→ Problem statement: Restate the listing below word for word, pictures excluded.

====== Dataset content

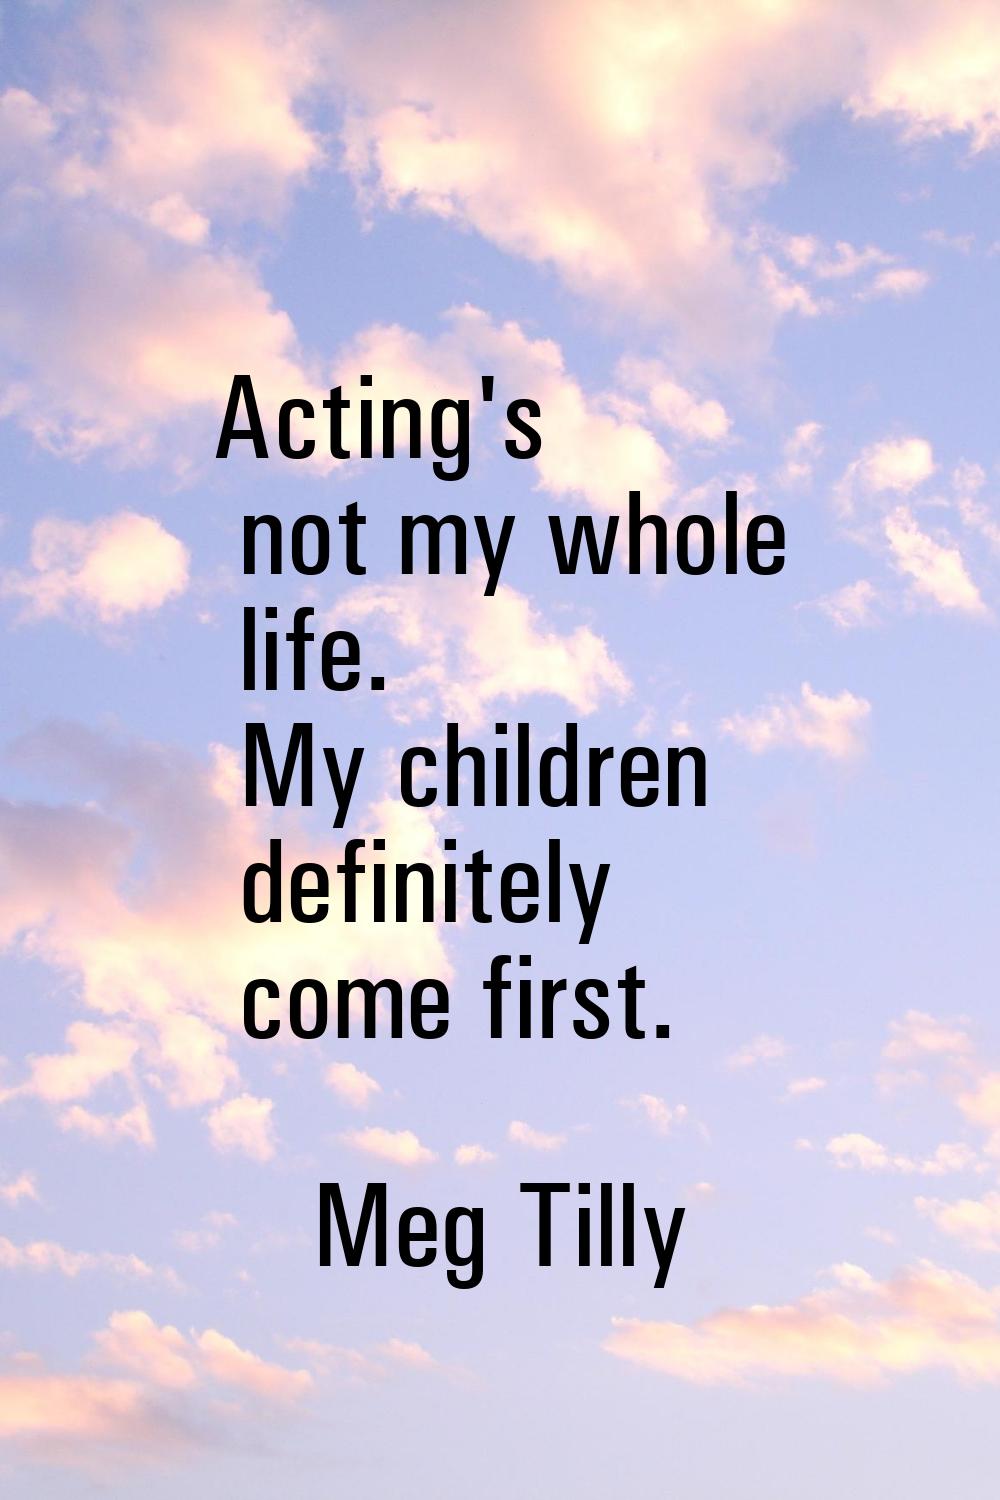 Acting's not my whole life. My children definitely come first.
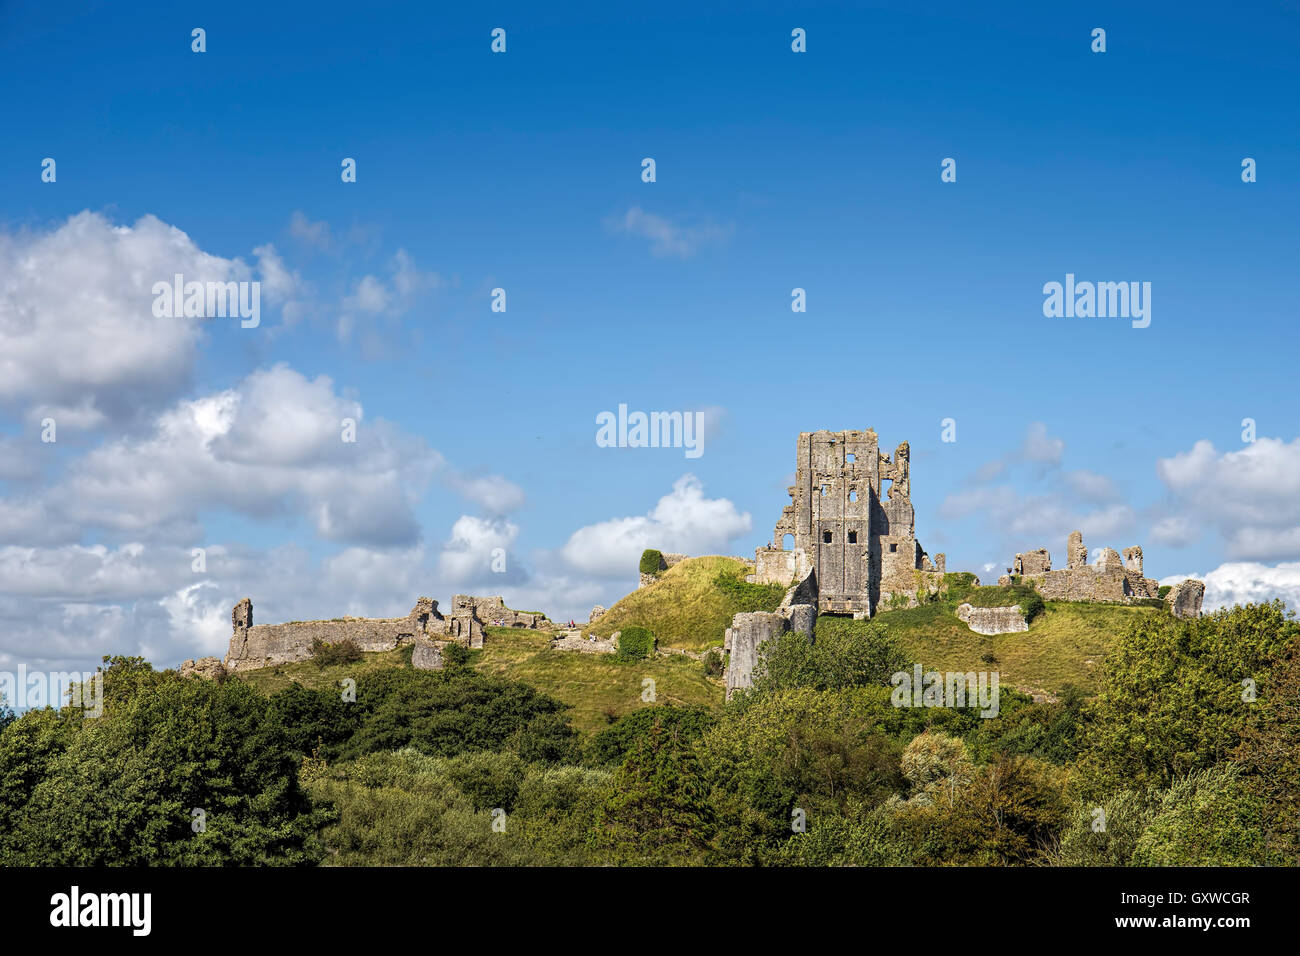 Ancient monument. Corfe Castle dating back to the 11th Century situated in the Purbeck Hills. isle of Purbeck, Dorset, England UK Stock Photo
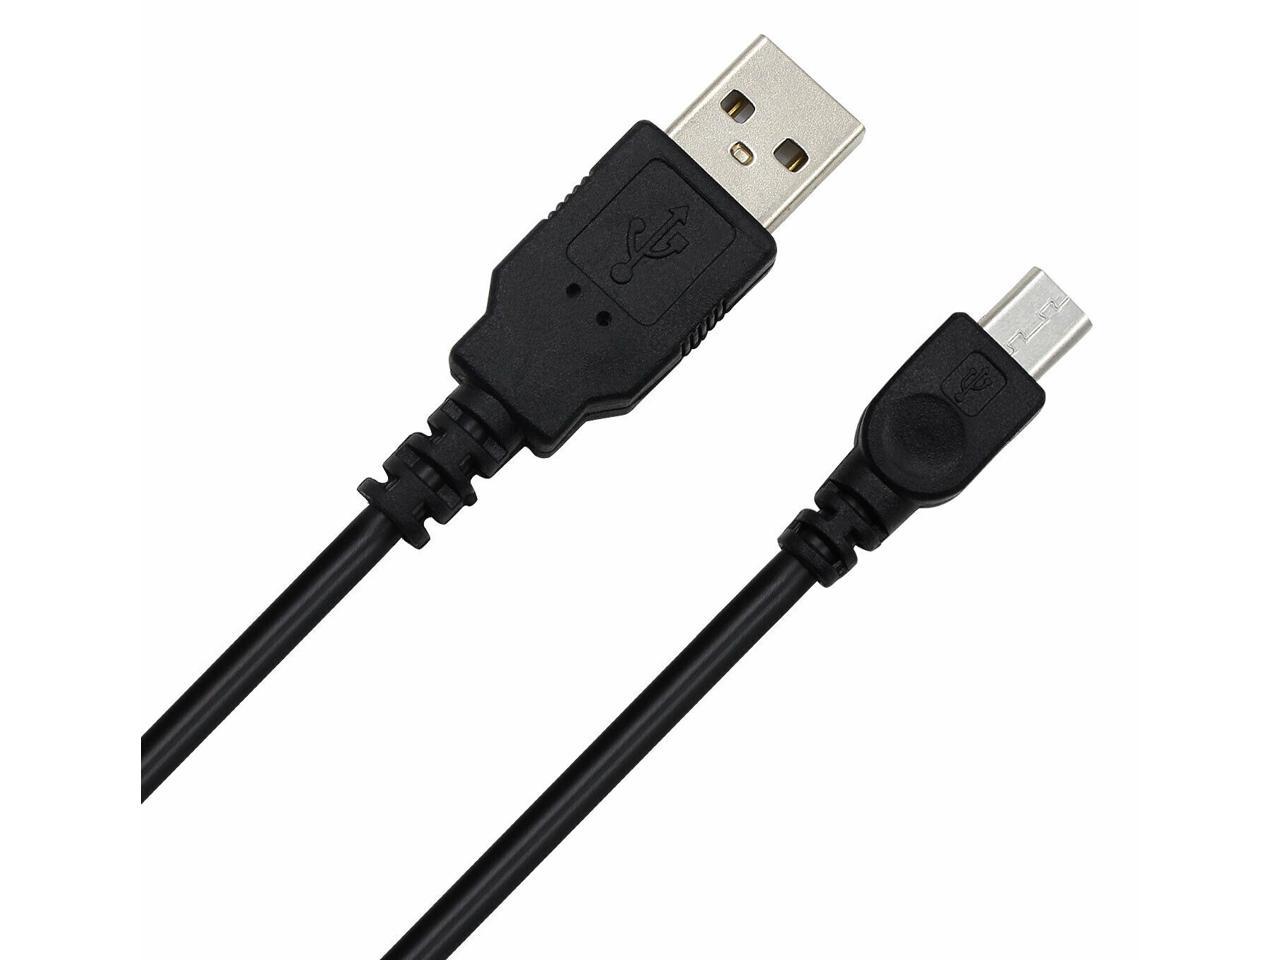 USB DC Power Charger Charging Cable Cord For Huion 420/H580 Table Digital Pen 
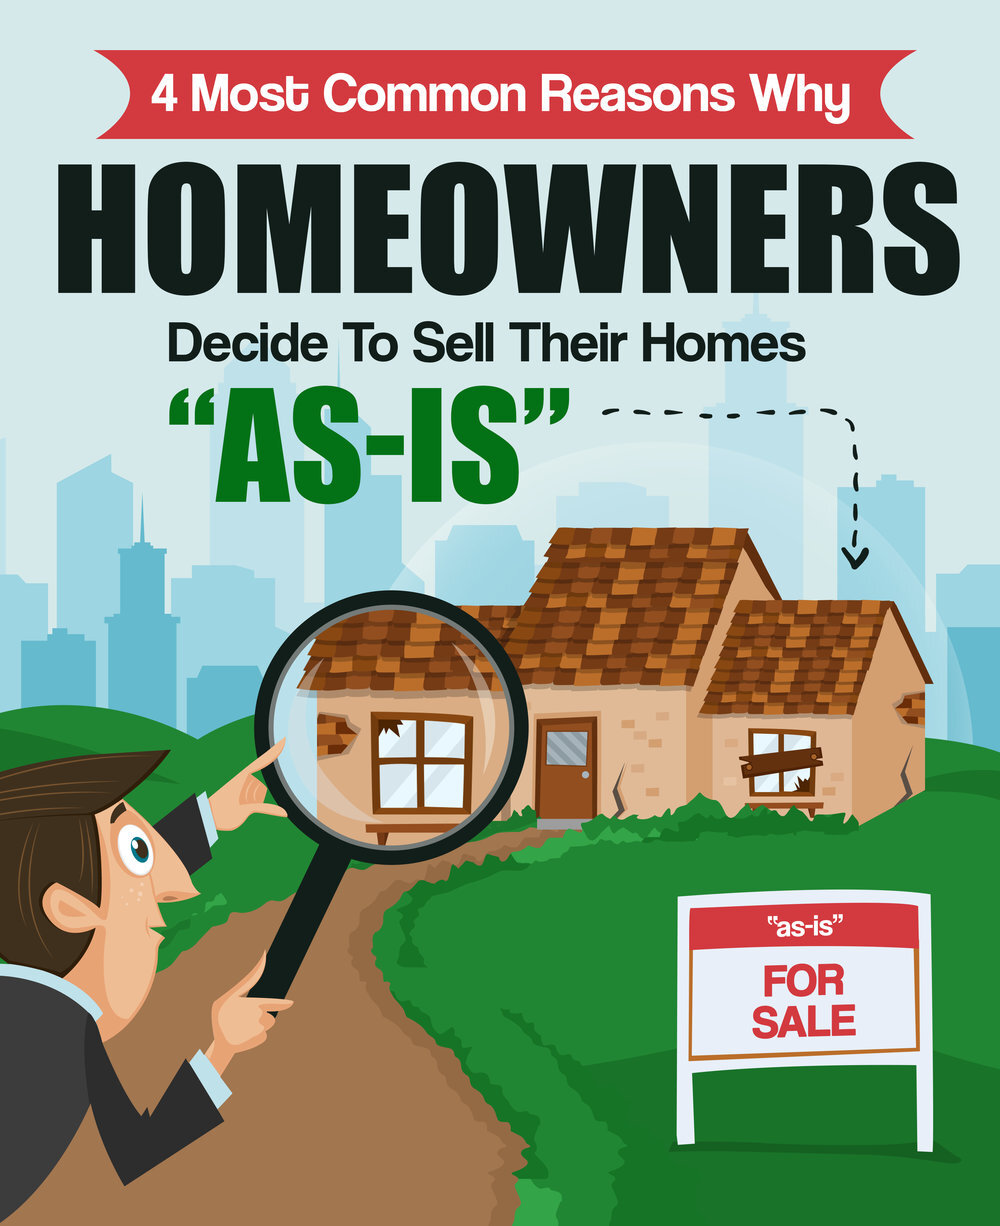 4 Reasons Why Homeowners Decide To Sell Their Homes “As Is”
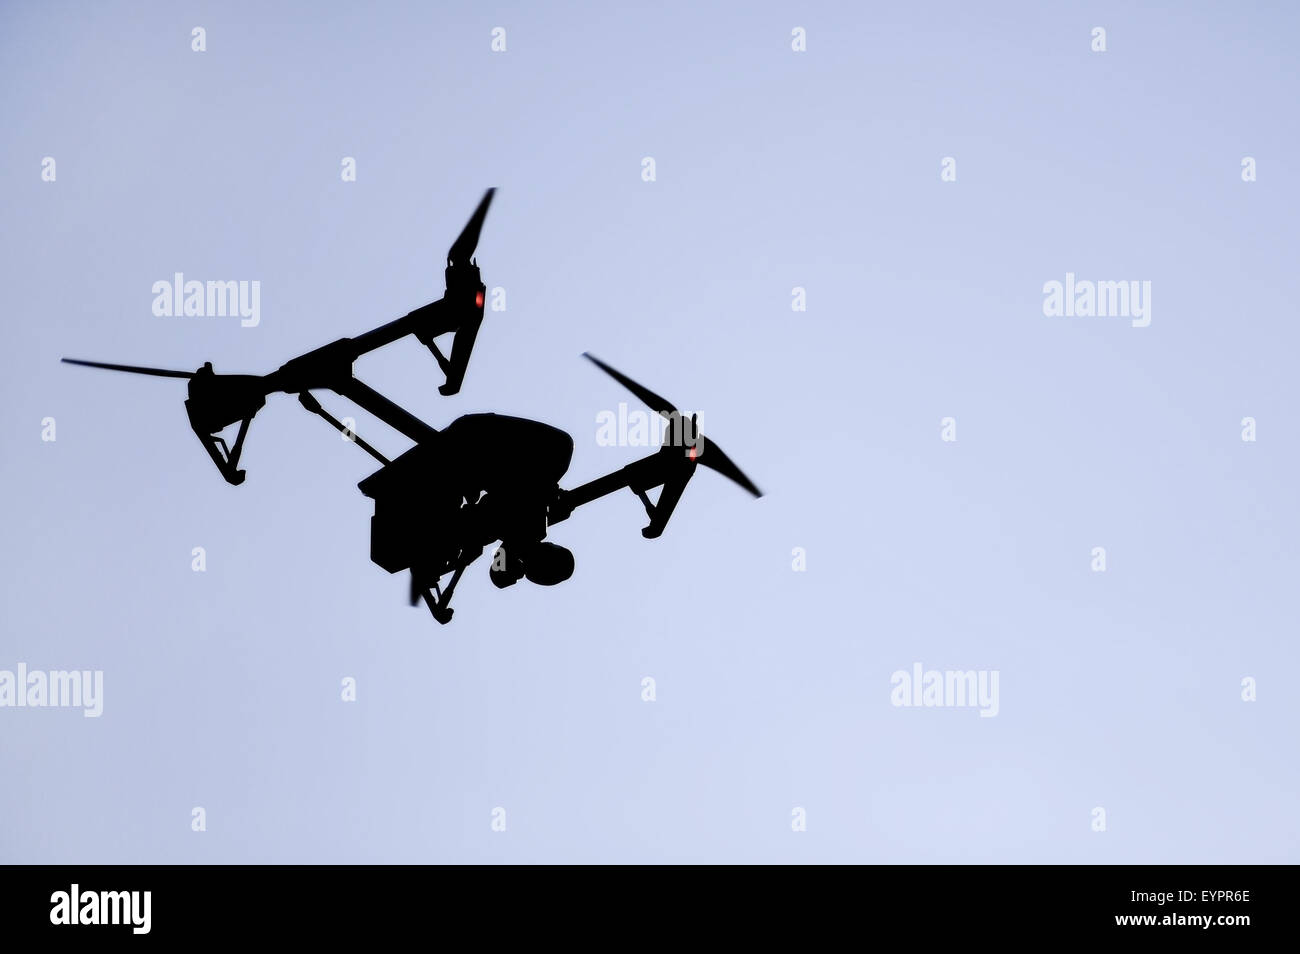 Aerial filming drone silhouetted against blue sky Stock Photo

============

→ Answer to the exercise:
 Acting's not my whole life. My children definitely come first.
 Ancient monument. Corfe Castle dating back to the 11th Century situated in the Purbeck Hills. isle of Purbeck, Dorset, England UK Stock Photo
 USB DC Power Charger Charging Cable Cord For Huion 420/H580 Table Digital Pen 
 4 Reasons Why Homeowners Decide To Sell Their Homes “As Is”
 Aerial filming drone silhouetted against blue sky Stock Photo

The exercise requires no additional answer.